Unusual events are being reported across the Arctic. Inuit families going off on snowmobiles to prepare their summer hunting camps have found themselves cut off from home by a sea of mud, following early thaws. Some have discovered that the meat they cached in the ice as food for future trips has thawed and rotted.
There are reports of igloos losing their insulating properties as the snow drips and refreezes; of caribou clothing clogging with ice in unusually humid weather; of lakes draining into the sea as permafrost melts, just as if the plug had been pulled from a full basin; and sea ice breaking up earlier than usual, carrying seals beyond the reach of hunters and bears.
Climate change may still be rather an abstract idea to most of us, but in the Arctic it is already having dramatic effects. Subsea measurements suggest that summertime ice in Arctic waters has thinned by 40 per cent over the past 40 years. If it continues to shrink at this rate, say scientists, the Arctic Ocean could be virtually ice-free in summer by the middle of the century. The knock-on effects are likely to include more warming, cloudier skies, increased precipitation and higher sea levels. Scientists are increasingly keen to find out what's going on because they consider the Arctic the canary in the mine for global warming - a warning of what's in store for the rest of the world.
Equally importantly, what happens in this region could have a big influence on global weather patterns.
For the Inuit, the problem is urgent. They live in precarious balance with one of the toughest environments on Earth. Climate change, whatever its causes, is a direct threat to their way of life. Nobody knows the Arctic as well as the locals, which is why they are not content simply to stand back and let outside experts tell them what's happening. In Canada, where the Inuit are jealously guarding their hard-won autonomy in the country's newest territory, Nunavut, they believe their best hope of survival in this changing environment lies in combining their ancestral knowledge with the best of modern science. This is a challenge in itself.

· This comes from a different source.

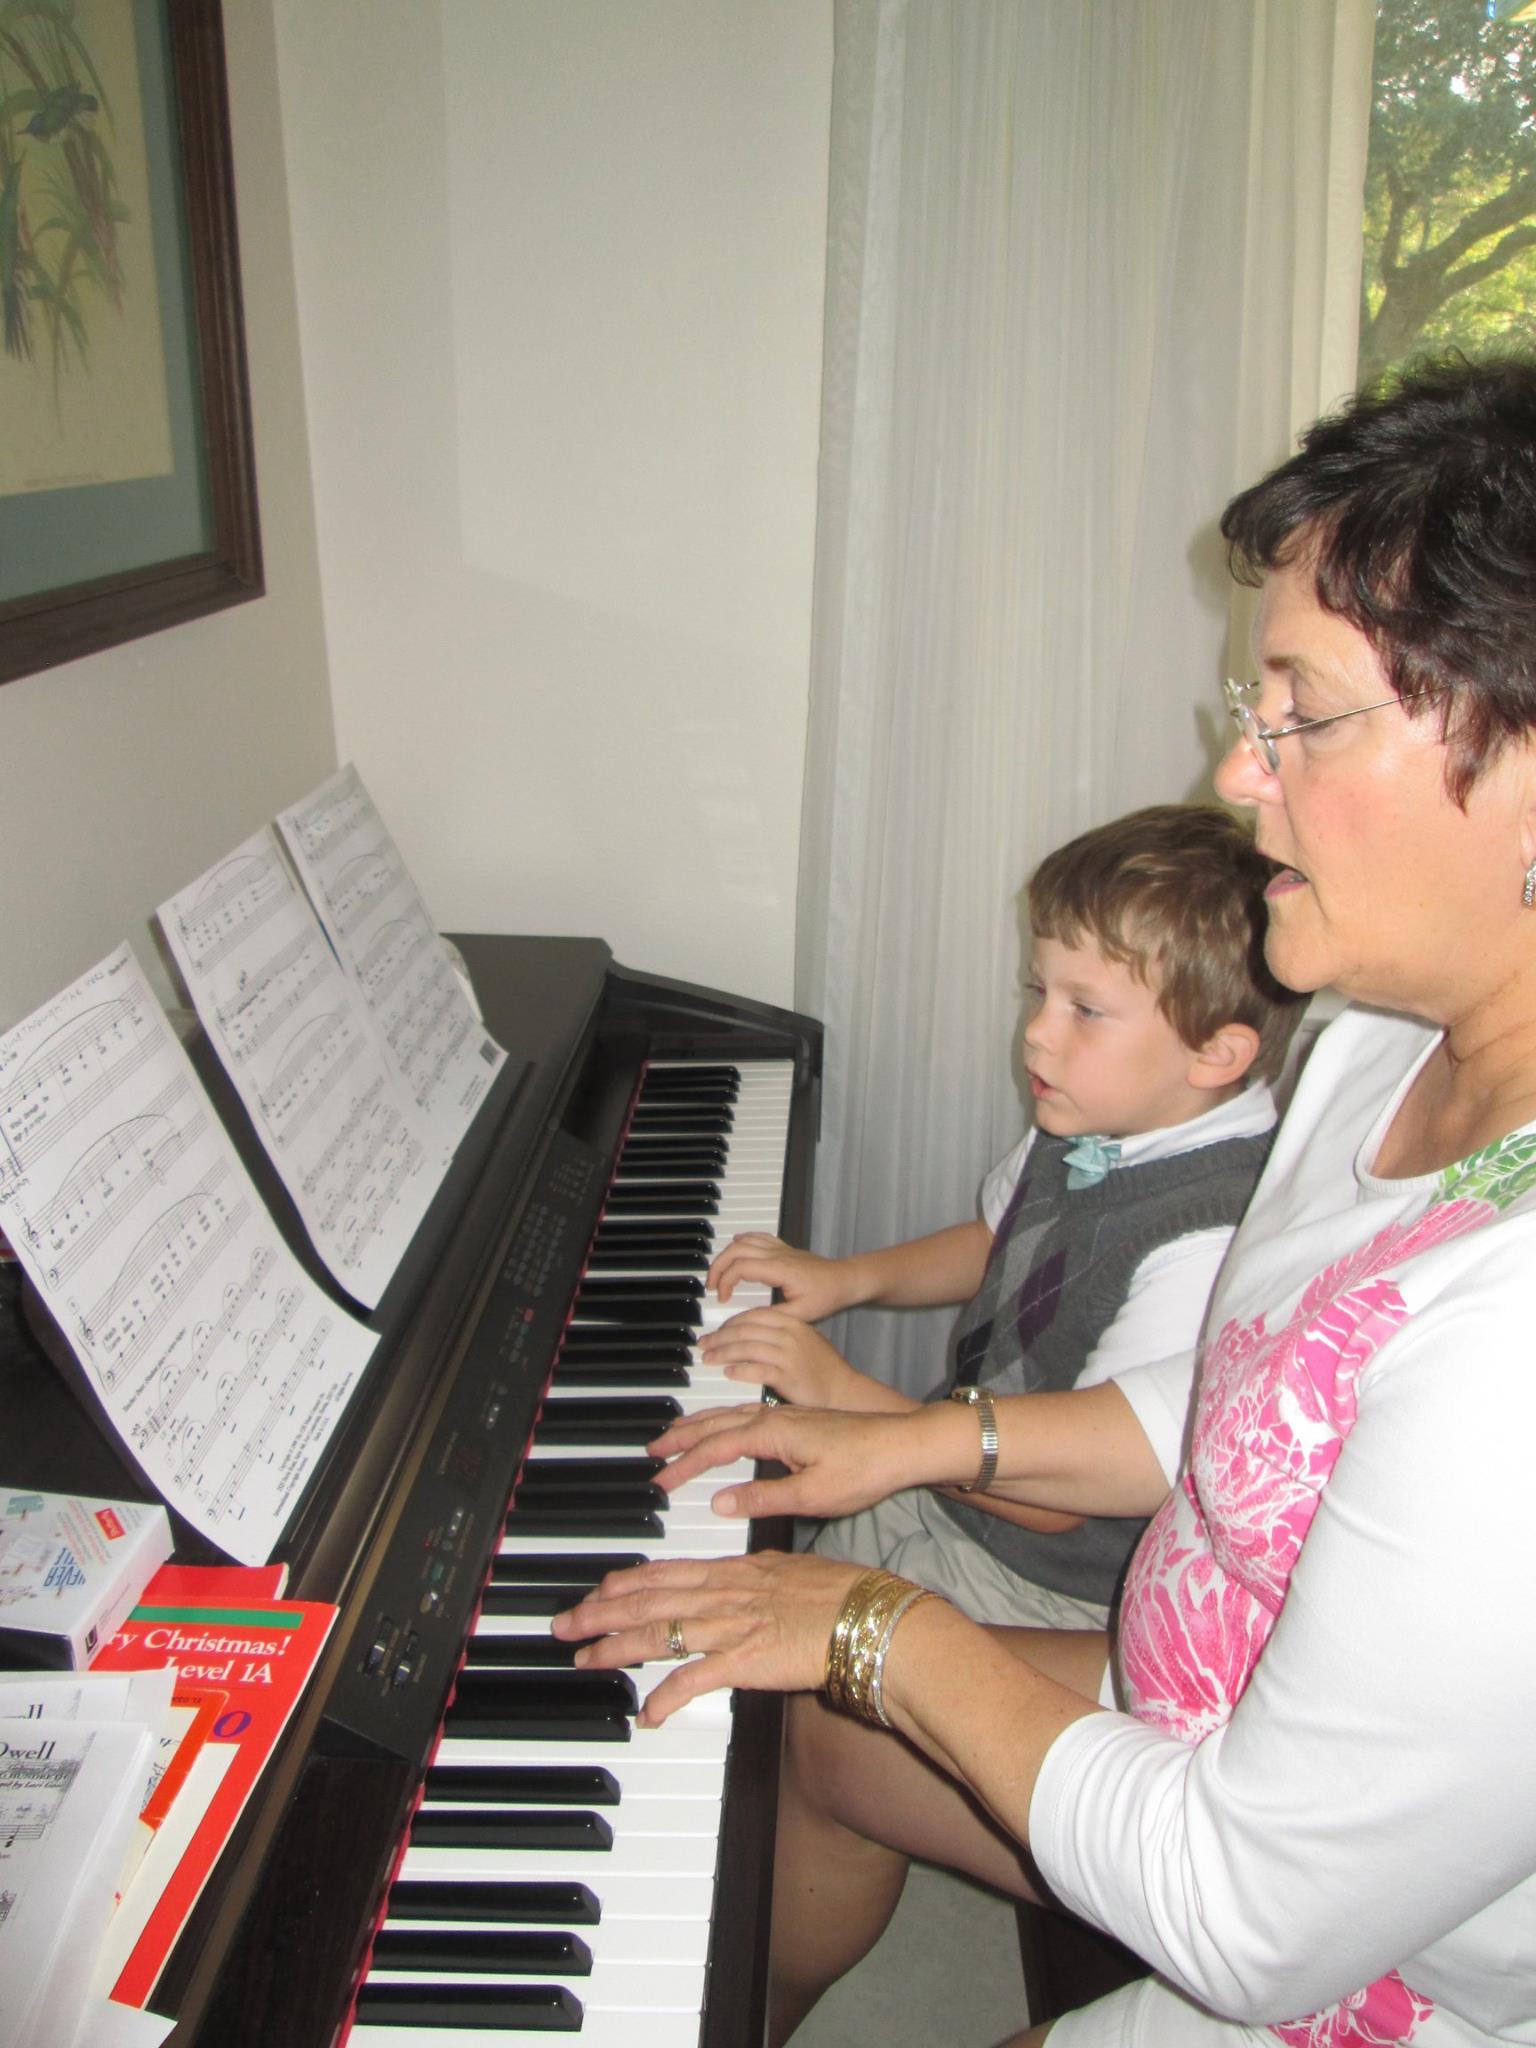 A C piano duet
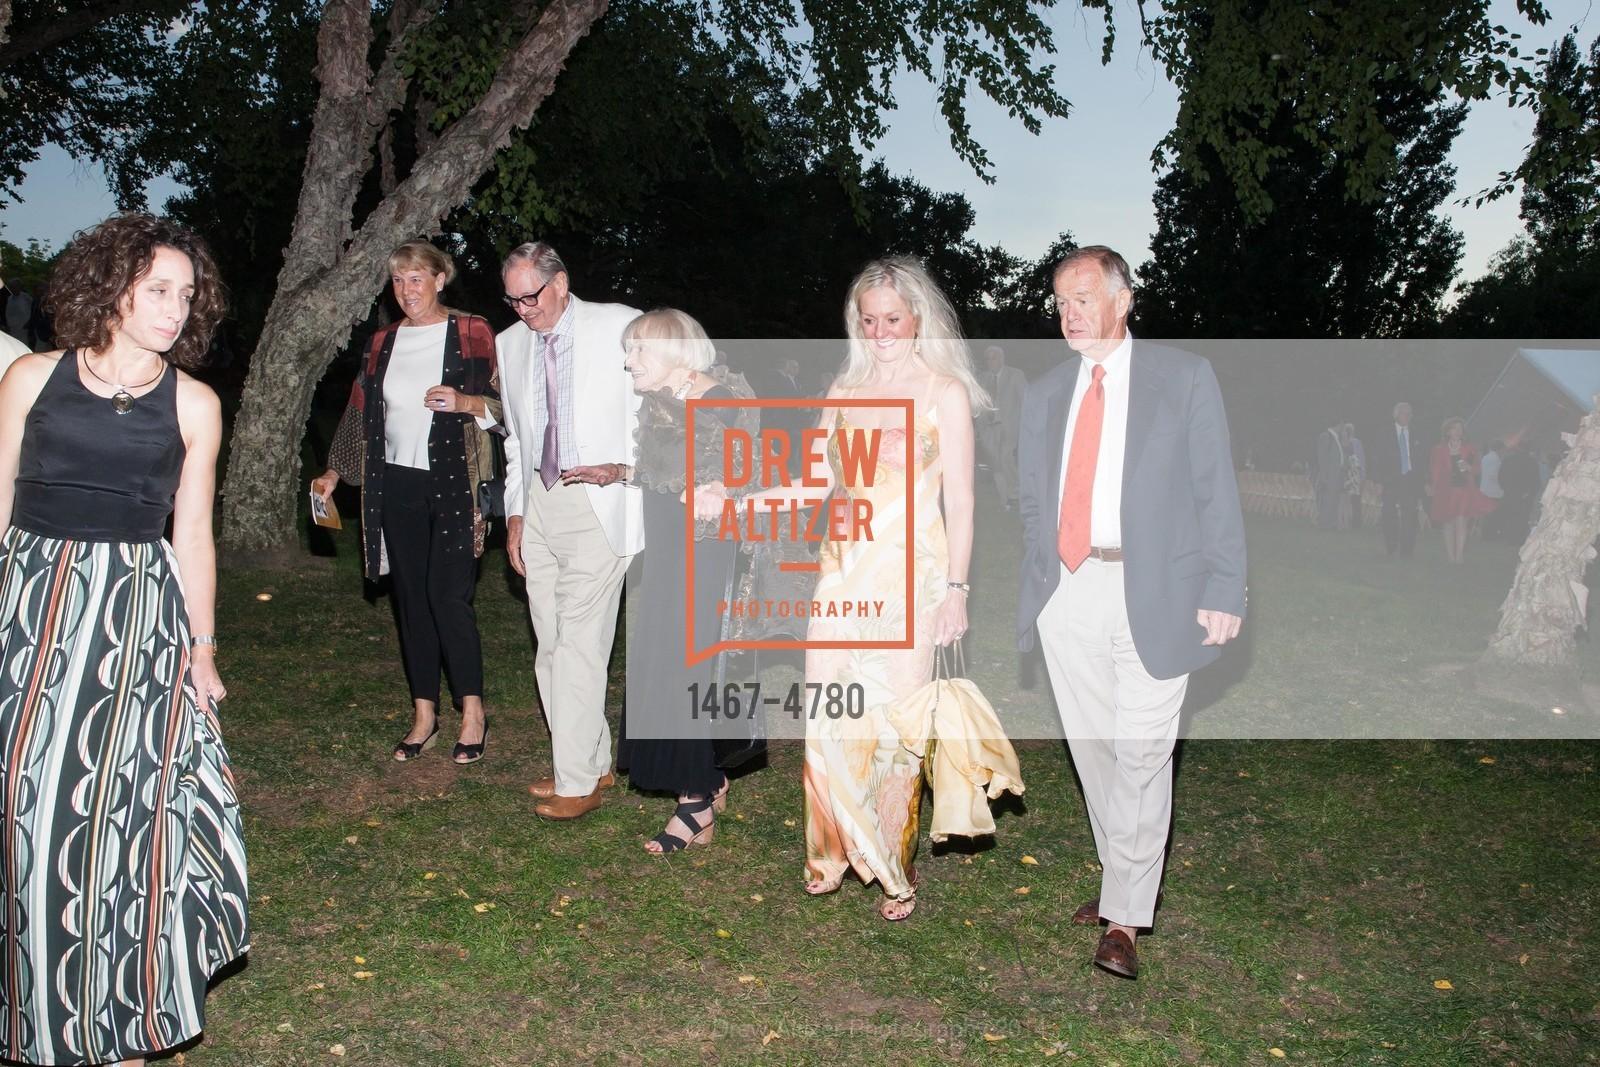 Jim Evans, Margrit Mondavi, Beth Nickel, Photo #1467-4780

The Canadian Arctic is a vast, treeless polar desert that's covered with snow for most of the year. Venture into this landscape and you get some idea of the difficulties facing anyone who calls this home. Farming is out of the question and nature offers meagre pickings. Humans first settled in the high Arctic a mere 4500 years ago, surviving by exploiting sea mammals and fish, caribou, musk ox and driftwood. The environment tested them to the limits: sometimes the colonists were successful, sometimes they failed and vanished. But around a thousand years ago one group emerged that was uniquely well adapted to cope with the Arctic environment. These Thule people moved in from Alaska, bringing kayaks, sleds, dogs, pottery and iron tools. They are the ancestors of today's Inuit peoples.
Life for their Canadian descendants is still harsh. Nunavut is 1.9 million square kilometres of rock and ice, and a scattering of islands around the North Pole. It's home to 25,000 people, all but a handful of them indigenous Inuit.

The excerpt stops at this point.